CPD with random values

It is also possible to create a random tabular CPD.

[6]:
cpd_coin_random = TabularCPD.get_random(variable="coin", cardinality = {'coin':2}, state_names={'Coin': ['Head', 'Tail']})
cpd_coin_random.get_values()
[6]:
array([[0.55203474],
       [0.44796526]])

Note the probabilities can be retrieved by get_values and they add up to 1 again. If cardinality is missing, the discrete variable is assumed to be binary.
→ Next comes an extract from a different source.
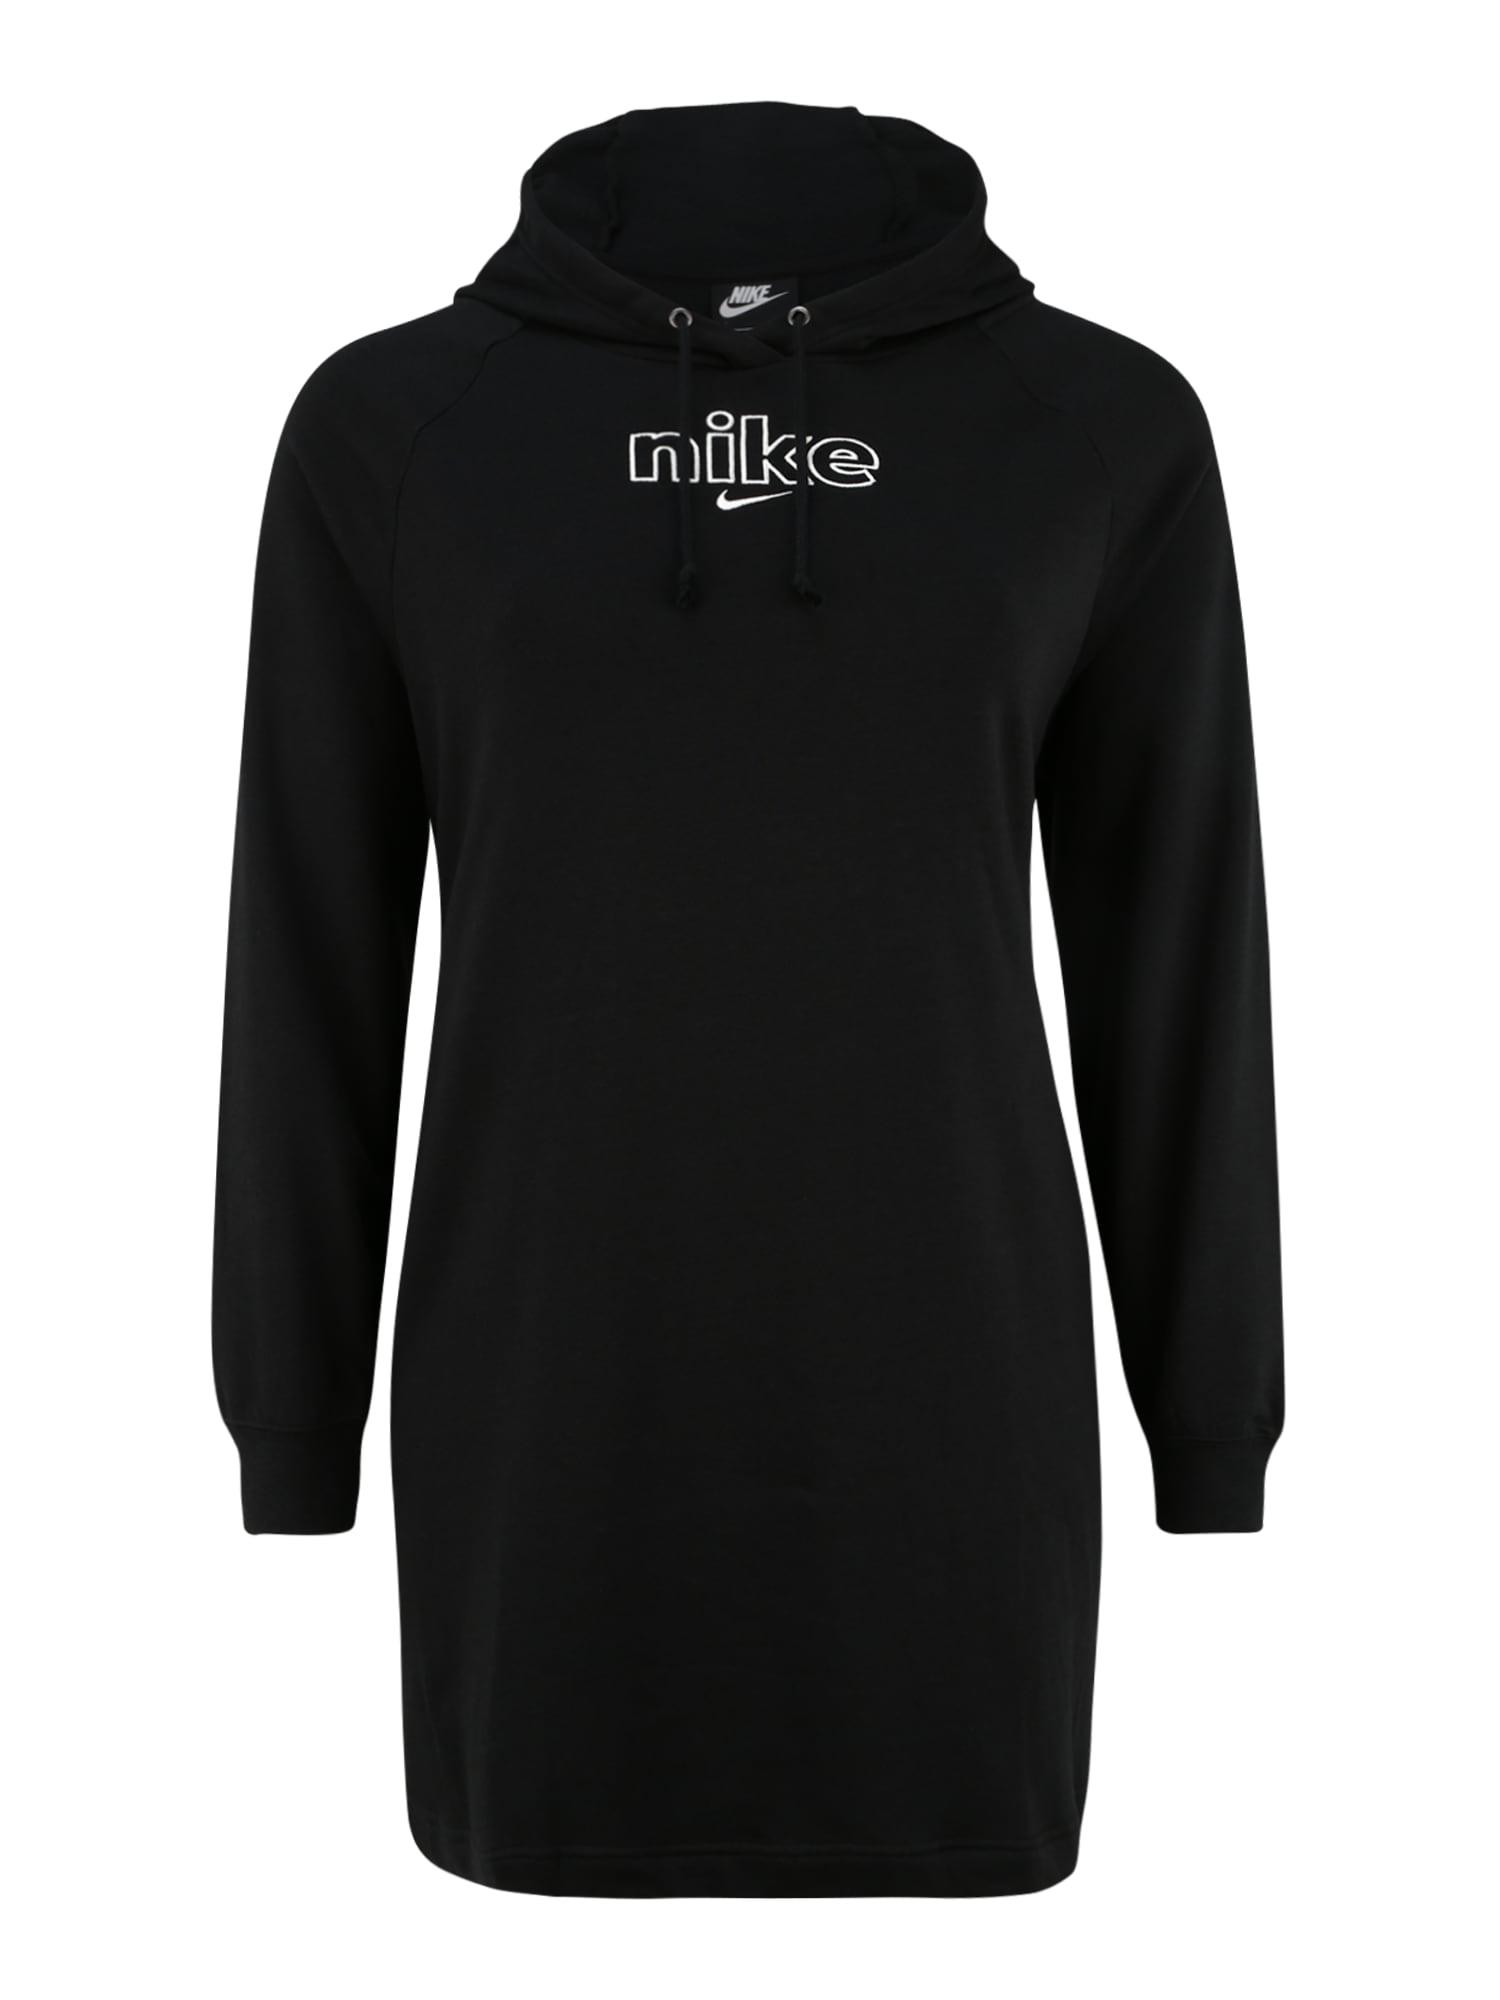 Nike Sportswear Suknelė juoda / balta

When there are evidence, the cardinality of evidence needs to be also specified.

[7]:
cpd_cancer_random = TabularCPD.get_random(
    variable="Cancer",
    cardinality = {"Cancer": 2, "Smoker": 2, "Pollution": 3},
    evidence=["Smoker", "Pollution"],
)
cpd_cancer_random.get_values()
[7]:
array([[0.30404579, 0.99344749, 0.47933983, 0.58564998, 0.54269003,
        0.28164646],
       [0.69595421, 0.00655251, 0.52066017, 0.41435002, 0.45730997,
        0.71835354]])
[8]:
cpd_cancer_random.get_values().sum(axis = 0)
[8]:
array([1., 1., 1., 1., 1., 1.])

Note again the probability table sums up to 1 for each column.
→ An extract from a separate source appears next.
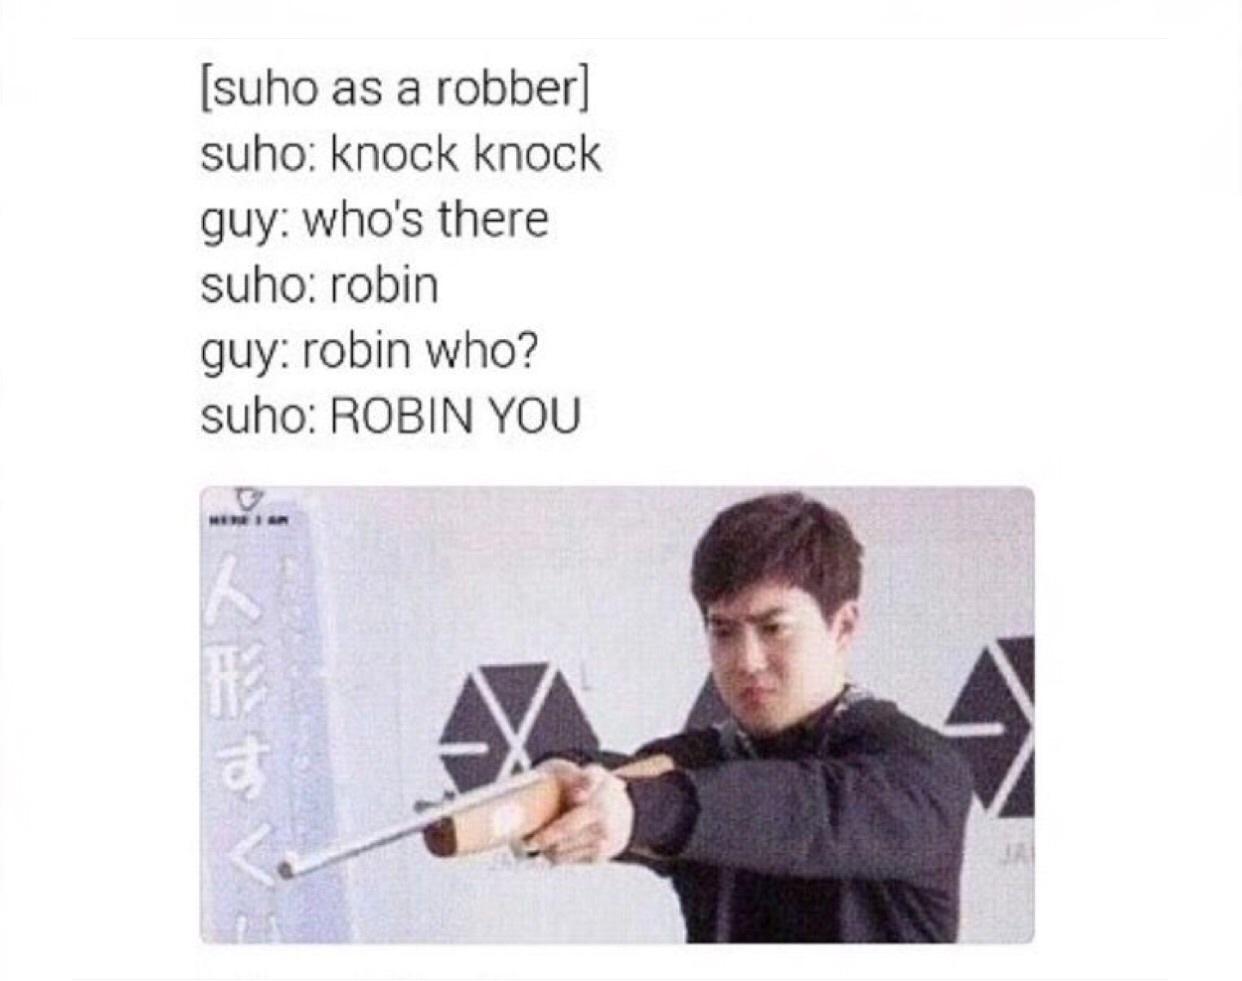 exo, jocke, and funny image

LinearGaussianCPD for continuous variables

We define CPDs for each variable. LinearGaussianCPD assumes that each variable takes normal distribution. Assume Healthy and Wealthy variables have no parents (empty evidence).

[9]:
# Step 2: Define the CPDs.
from pgmpy.factors.continuous import LinearGaussianCPD
cpd_healthy = LinearGaussianCPD(variable="Healthy", beta=[4], std=2, evidence=[])
cpd_wealthy = LinearGaussianCPD(variable="Wealthy", beta=[2], std=3, evidence=[])

import pprint
pprint.pp(cpd_healthy)
pprint.pp(cpd_wealthy)
<LinearGaussianCPD: P(Healthy) = N(4; 2) at 0x15735ed20
<LinearGaussianCPD: P(Wealthy) = N(2; 3) at 0x1566c2930

Above we defined, Healthy as normal distribution with mean 4 and standard deviation 2, and wealthy with mean 2, and standard deviation 3. (Assume bigger variation in people’s wealth than health, bigger mean for health than wealth)

[10]:
cpd_happy = LinearGaussianCPD(
    variable="Happy",
    beta=[1, 3, 2],
    std=5,
    evidence=["Healthy", "Wealthy"],
)
pprint.pp(cpd_happy)
<LinearGaussianCPD: P(Happy | Healthy, Wealthy) = N(3*Healthy + 2*Wealthy + 1; 5) at 0x154160050

The Happy variable has mean 3*Healthy + 2*Wealthy + 1, this formula is determined by passing beta and evidence variables. Note that the first element of beta is the intercept (constant term). The rest of the elements in beta each match the evidence. The standard deviation of normal distribution of Happy is set by std.